### TASK INPUT
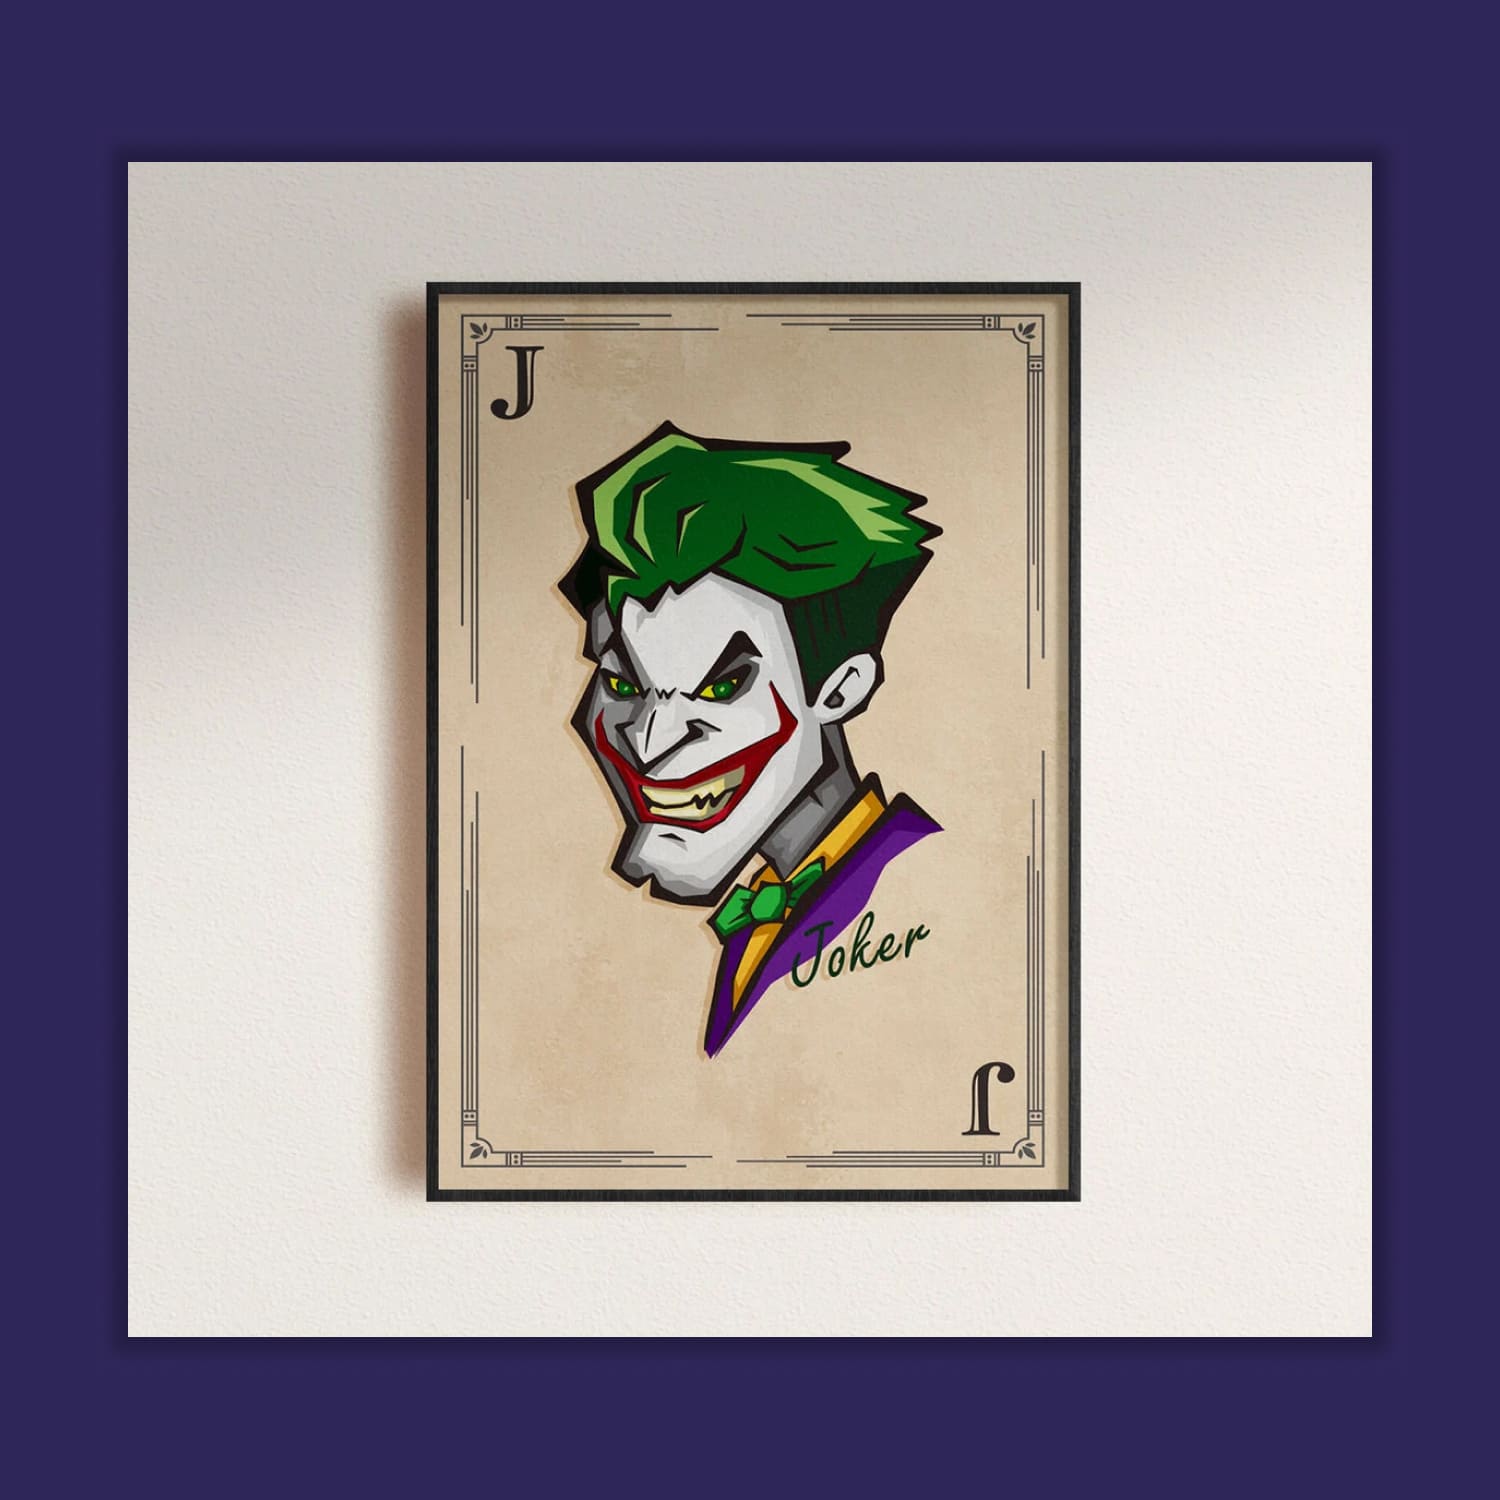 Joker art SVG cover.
######
### TASK INPUT
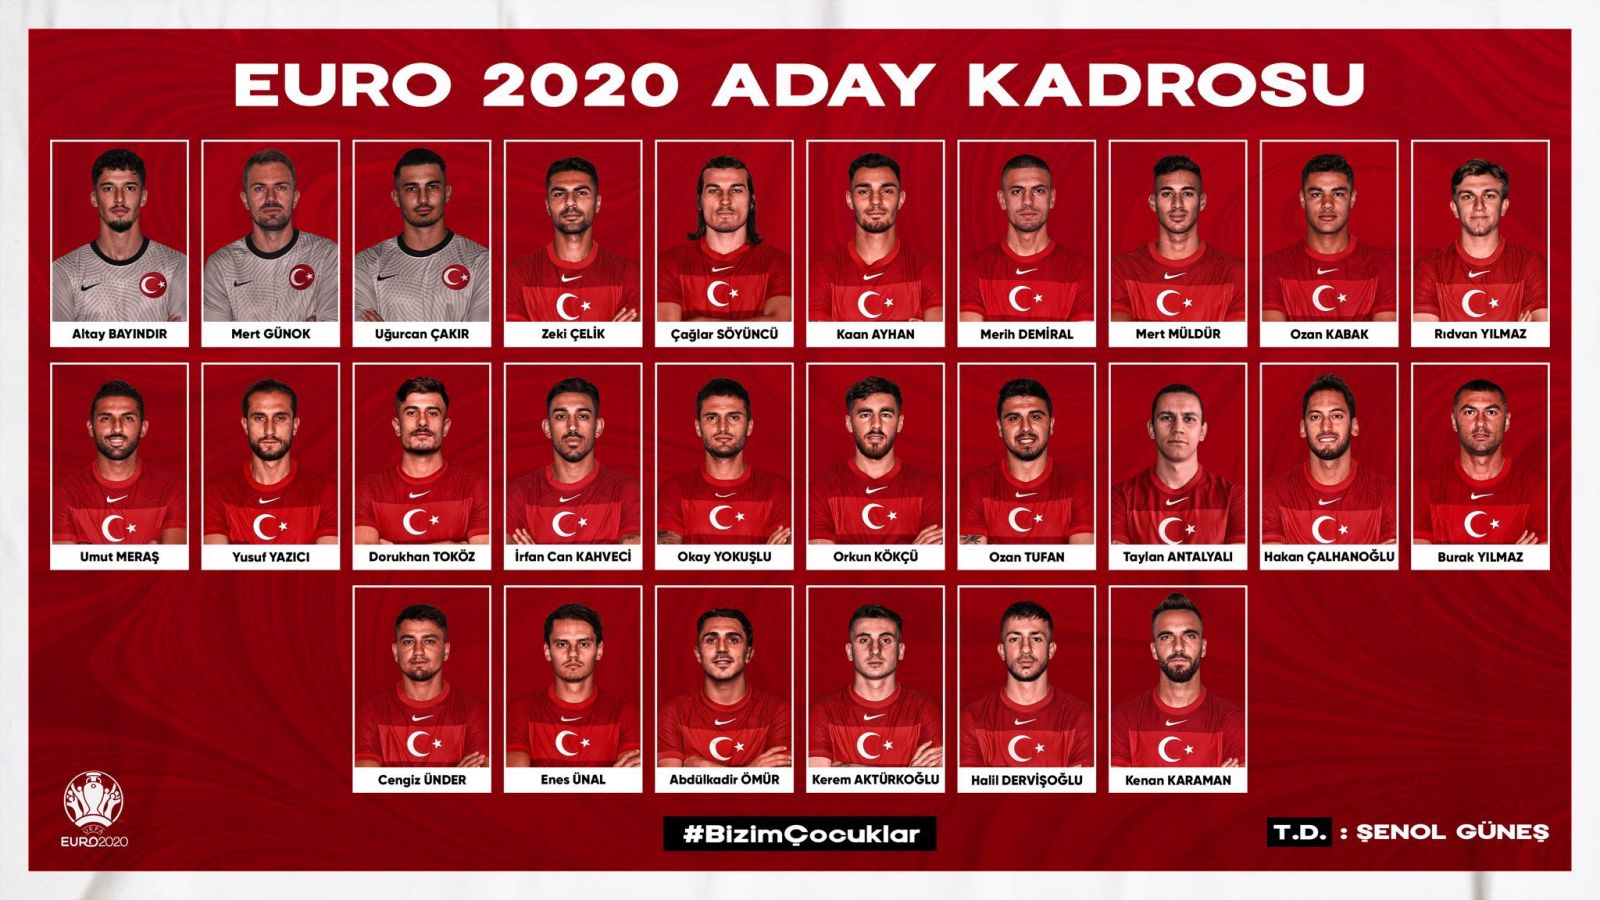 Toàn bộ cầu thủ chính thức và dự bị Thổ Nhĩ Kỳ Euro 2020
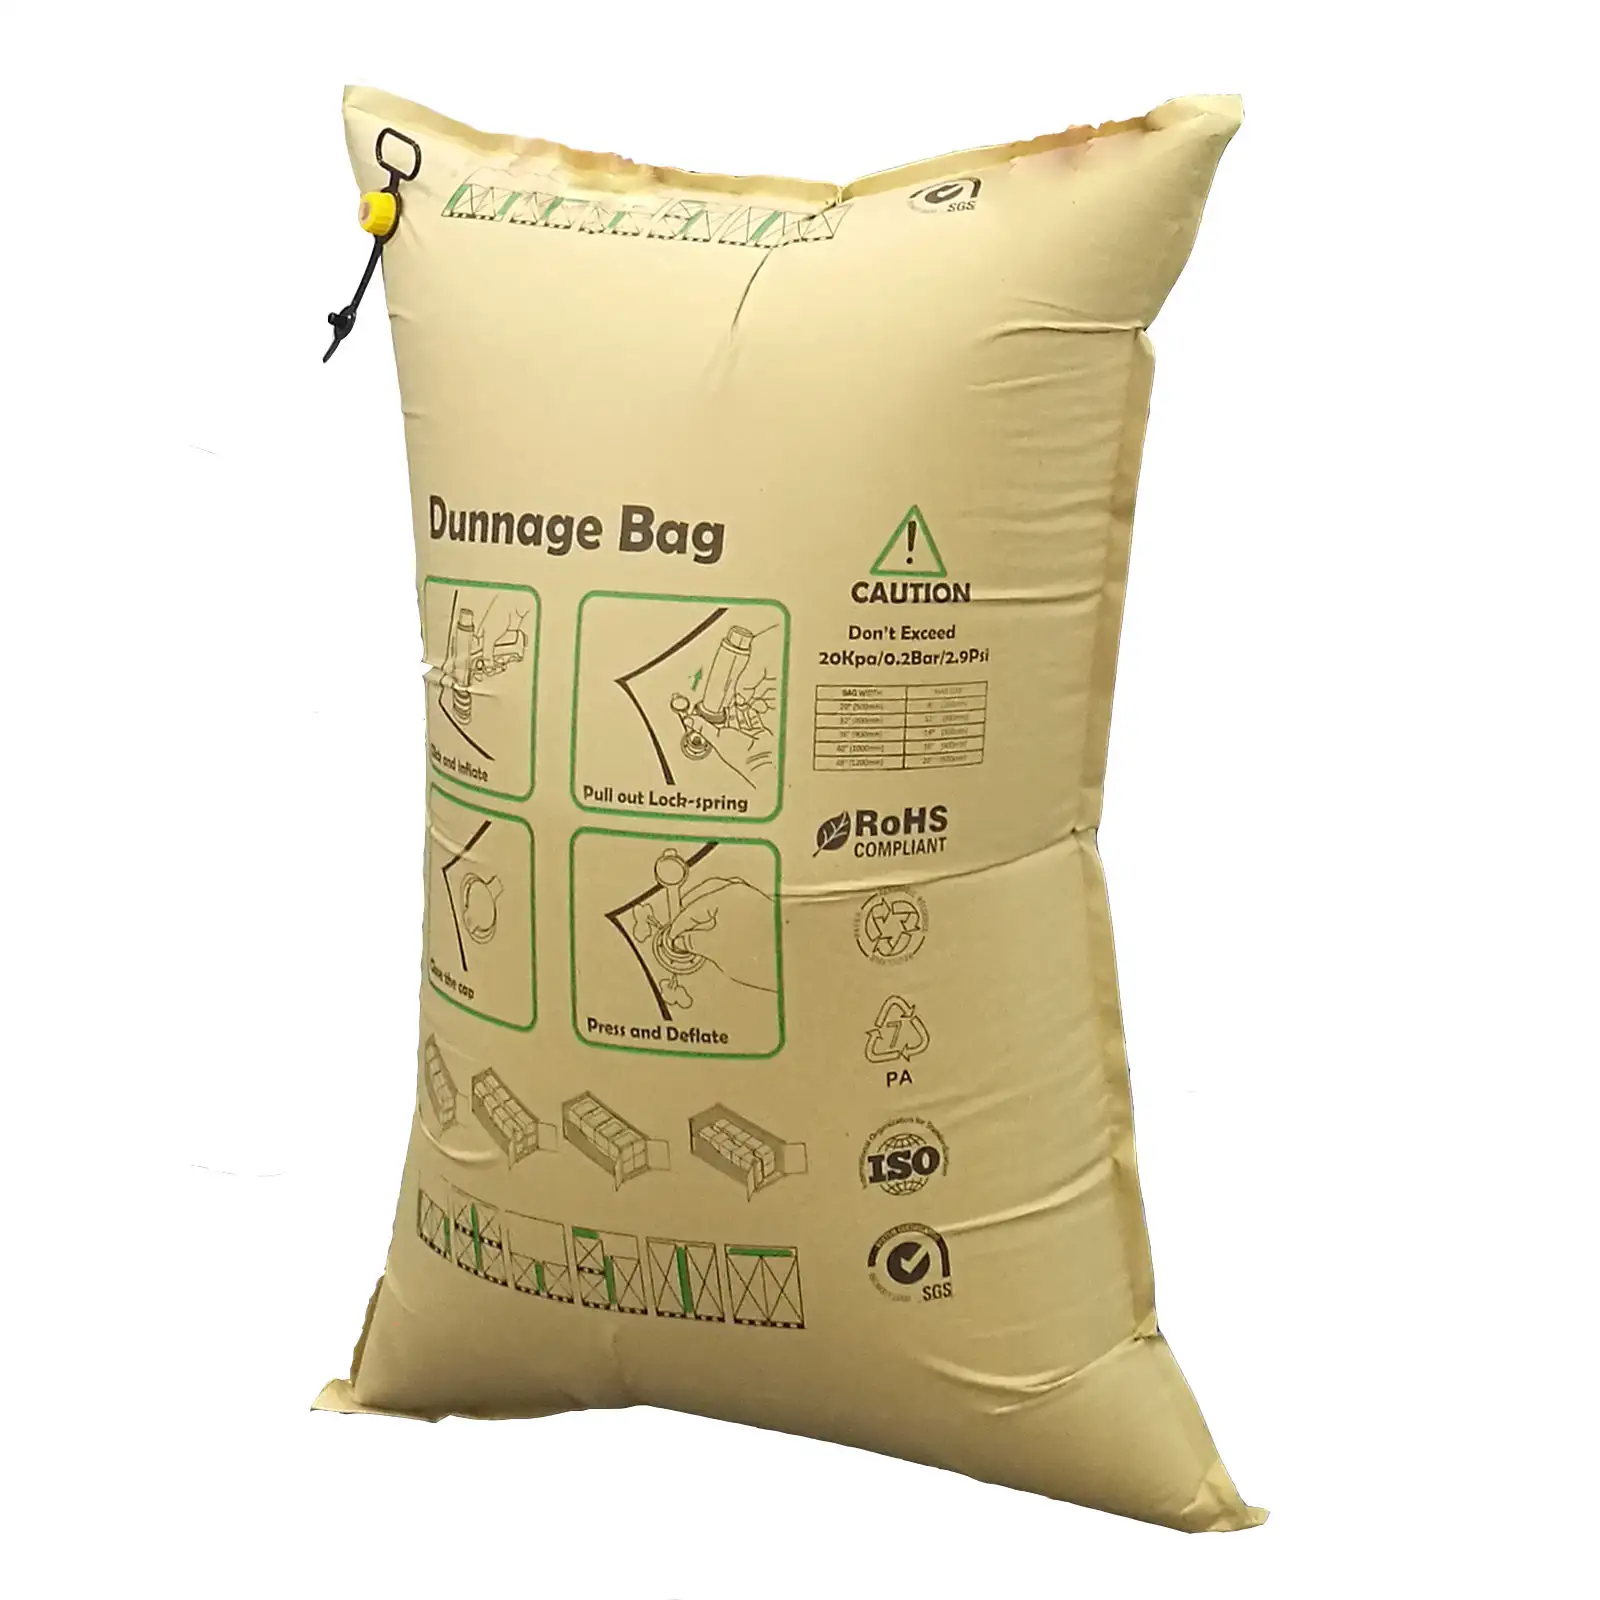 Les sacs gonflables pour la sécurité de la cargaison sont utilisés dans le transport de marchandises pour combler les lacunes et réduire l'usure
######
_PROBLEM DESCRIPTION:_ If a picture sits between the line containing "Toàn bộ cầu" and the line containing "Les sacs gonflables", leave it out, and return the lines of that range above exactly, both ends included.

_COMPLETED TASK:_
 Toàn bộ cầu thủ chính thức và dự bị Thổ Nhĩ Kỳ Euro 2020
 Les sacs gonflables pour la sécurité de la cargaison sont utilisés dans le transport de marchandises pour combler les lacunes et réduire l'usure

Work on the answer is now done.